# Creation of a FreeBSD port for YDB



## reddy (Jun 30, 2022)

Recently, a very exciting database has been open-sourced by Yandex. Apparently they have battle-tested it internally for years before making it open-source recently as part of the launch of their managed database-as-a-service offering (Apache License). Some of the cool features include: distributed SQL database, ability to scale compute and storage independently, support for distributed transactions, ACID, document storage (and a PostgreSQL compatibility layer being in the works):









						YDB — an open-source Distributed SQL Database
					

YDB is an open-source Distributed SQL Database that combines high availability and scalability with strong consistency and ACID transactions.




					ydb.tech
				












						GitHub - ydb-platform/ydb: YDB server (daemon) source code
					

YDB server (daemon) source code. Contribute to ydb-platform/ydb development by creating an account on GitHub.




					github.com
				












						Create FreeBSD port · Issue #57 · ydb-platform/ydb
					

FreeBSD is a widely used server OS, a port for clickhouse exists, it would be great to also have a port for ydb to facilitate adoption.




					github.com
				




I am considering creating a FreeBSD port but this would be my first one so the process is promised to take me quite a while (this + the fact that I am overloaded with work these days). So I am mentioning it here in case someone finds this database interesting and wants to create the port before I am able to. I will come back here to update on my progress when I am able to start working on it.


----------



## zirias@ (Jun 30, 2022)

Only few porters are frequenting these forums, more are active on IRC (#freebsd-ports on libera) and even more on the freebsd-ports@ mailing list 

But hey, great you're taking on a new project, I'd say FreeBSD ports aren't blacok magic and I just hope you have fun doing so. The porter's handbook is a really good starting point. It also helps to have a look in the ports' make framework (in /usr/ports/Mk, specifically bsd.port.mk).

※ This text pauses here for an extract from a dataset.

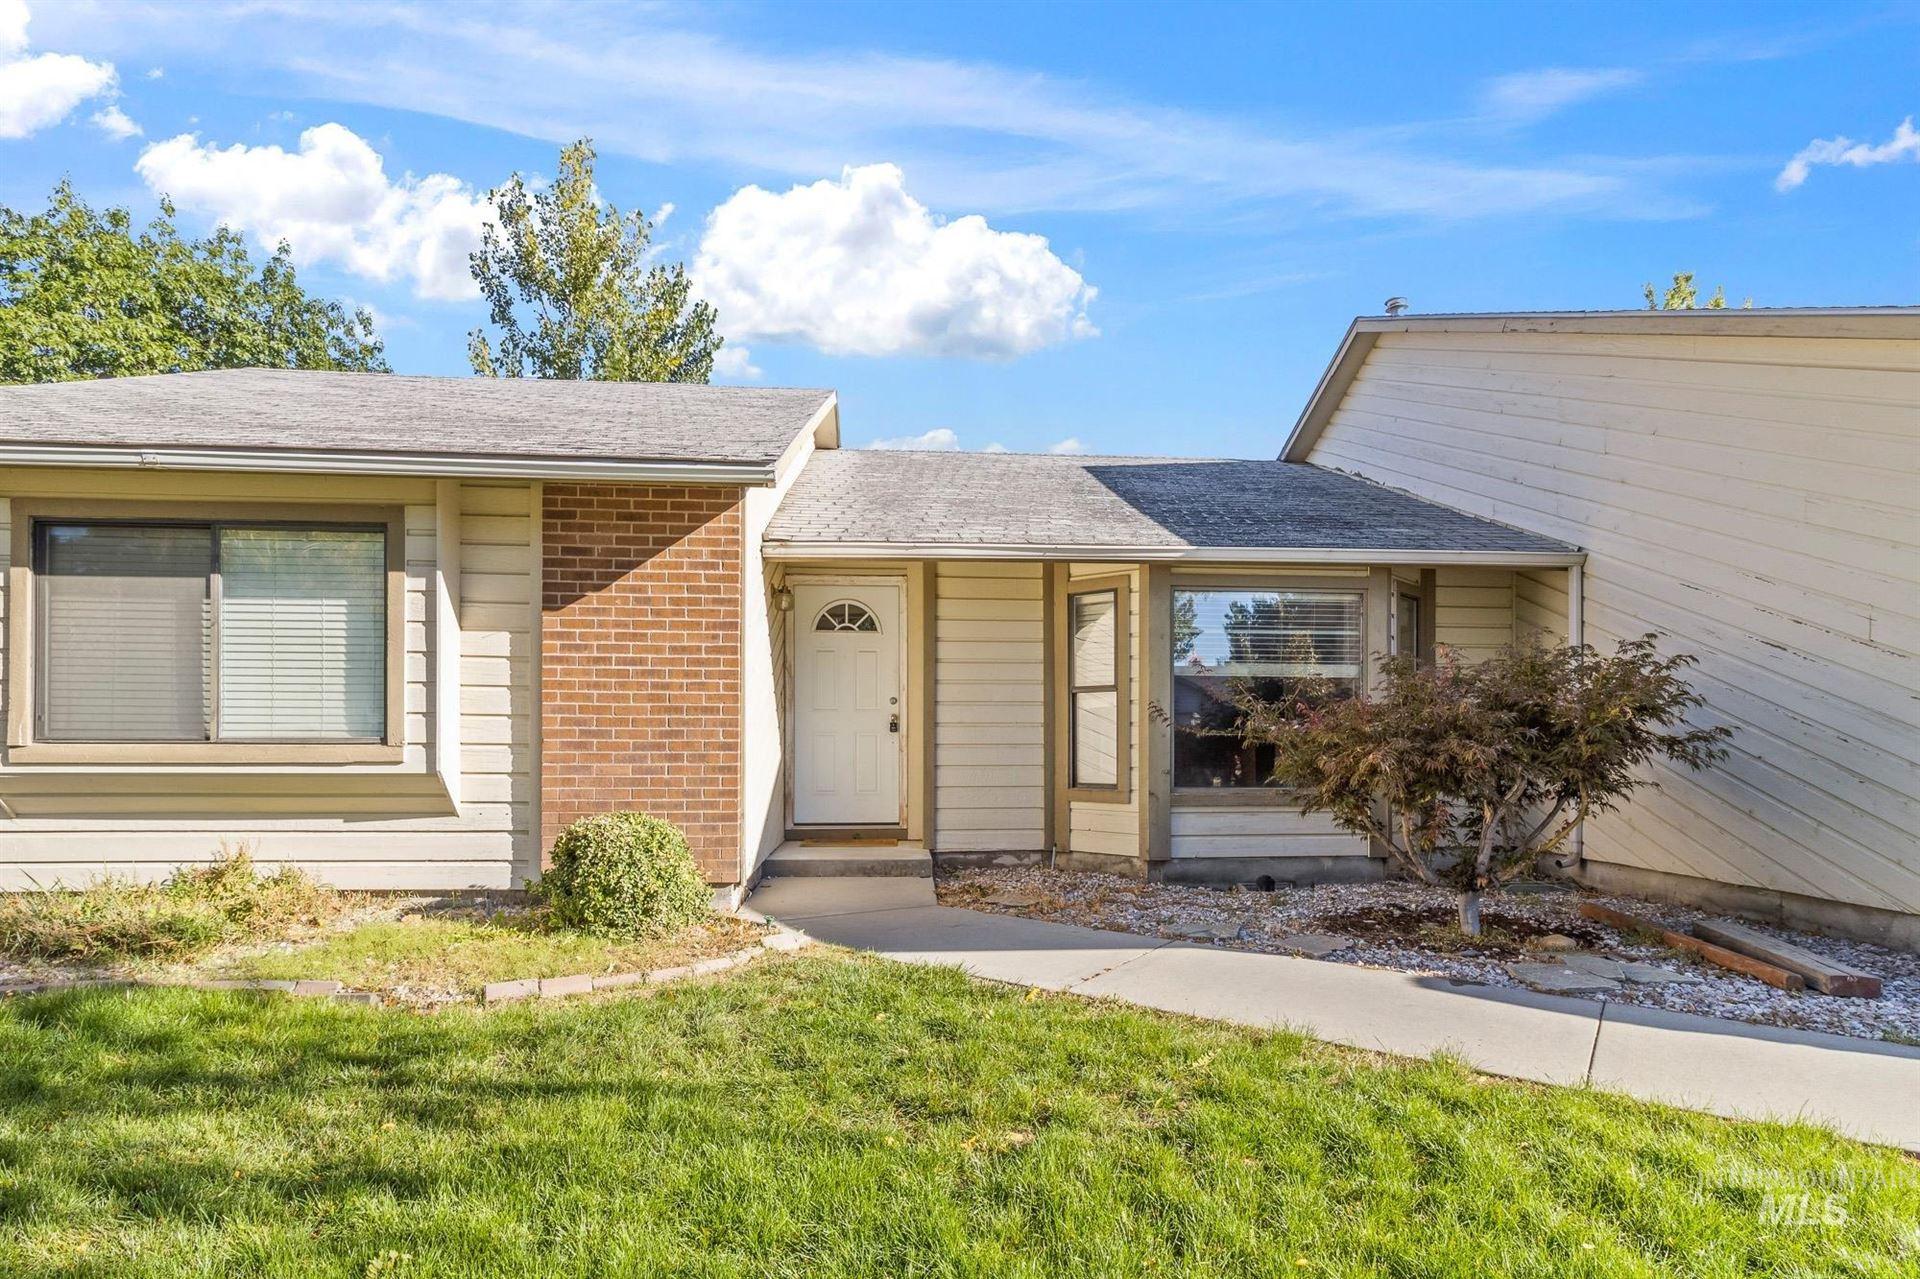 11950 W Flintlock Dr., Boise, ID 83713 - MLS#: 98820198

I'd suggest you create a local git branch on your ports and work on that, always rebasing it onto `main` when you update your ports. At least, this works very well for me. If you need help or want something reviewed, feel free to publish your working branch (e.g. on github) and present it here


----------



## kpedersen (Jun 30, 2022)

Just to also add to Zirias's useful advice, one approach I would take after reading through the handbook is to grab a simpler port such as ftp/curl, rename it something suitable for your port and make sure it still builds. Then slowly start evolving it to work for your own port.

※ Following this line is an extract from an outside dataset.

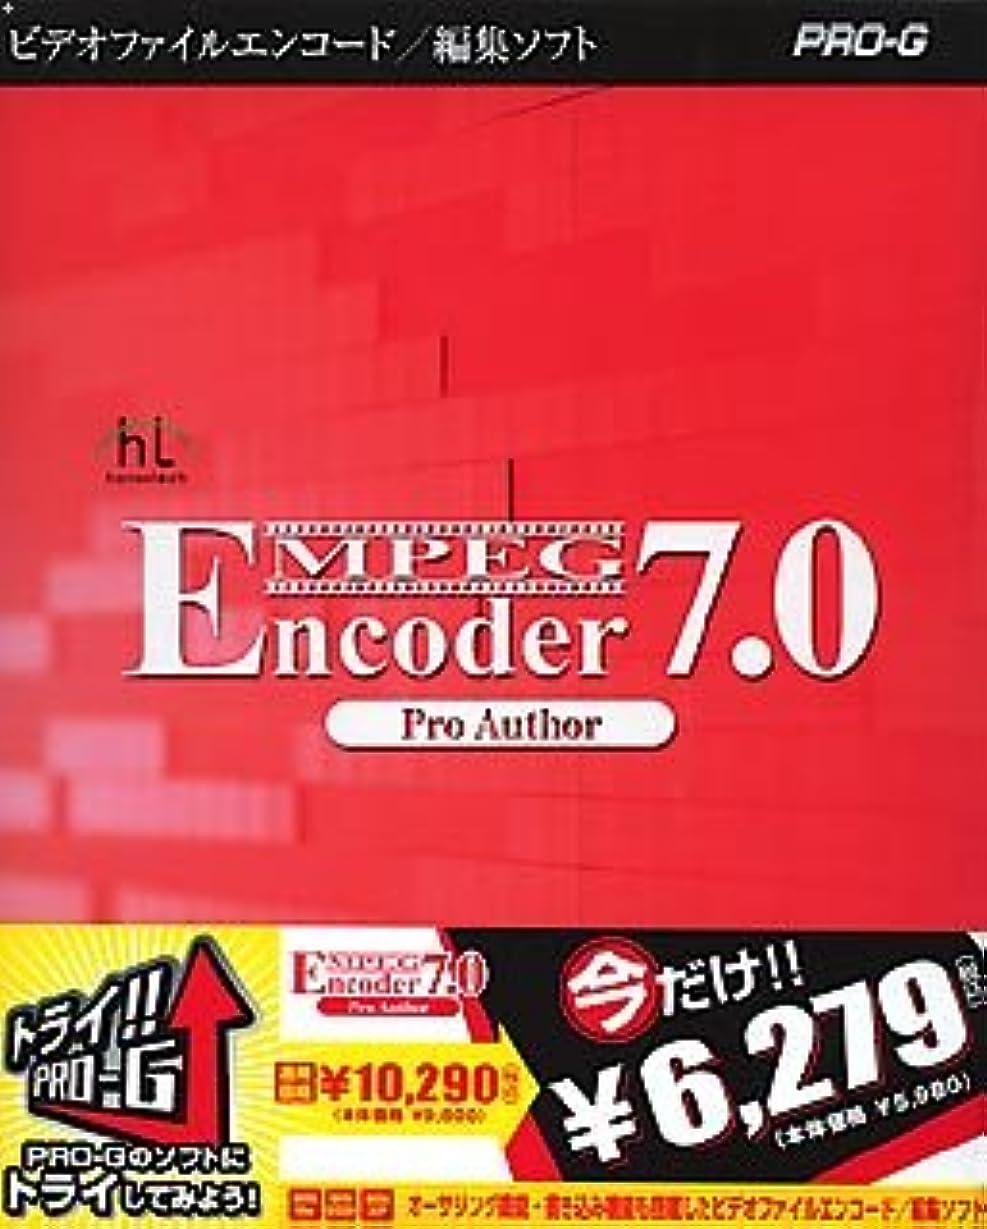 正気食器棚ほめるTRY PRO-G MPEG Encoder 7.0 ProAuthor

The software itself looks cool. I only occasionally deal with databases (mainly MySQL and SQLite) but certainly appreciate ones following ACID principles. I see too many beginners bring NoSQL tech into projects simply because they don't know about existing tried and tested solutions to data robustness.


----------



## sidetone (Jun 30, 2022)

I follow this forum (meaning this section of the forums), so it pops up when a new thread is started.

You can post your Makefile attempt, then someone may improve on that.

They may get something fast on porting in IRC, the part is testing. There's a pastebin for FreeBSD they use too.


----------



## rafael_grether (Jun 30, 2022)

reddy

I'm a porter too (apprentice). Maintainer and also I'm creating a new one about 1 month, and probably it takes more 2 months to finish.
It's a thorough work, and requires your time (a lot) and patience.

Keep in mind that you assumes the comprimisse to maintain this packages up-to-date in ports tree.

The porters handbook is a fundamental and a complete book, and will help you a lot.
FreeBSD community in Libera.Chat (#freebsd-ports) are very helpful.

Check FreeBSD Phabricator too, publish your diff and discuss revisions with other members.


----------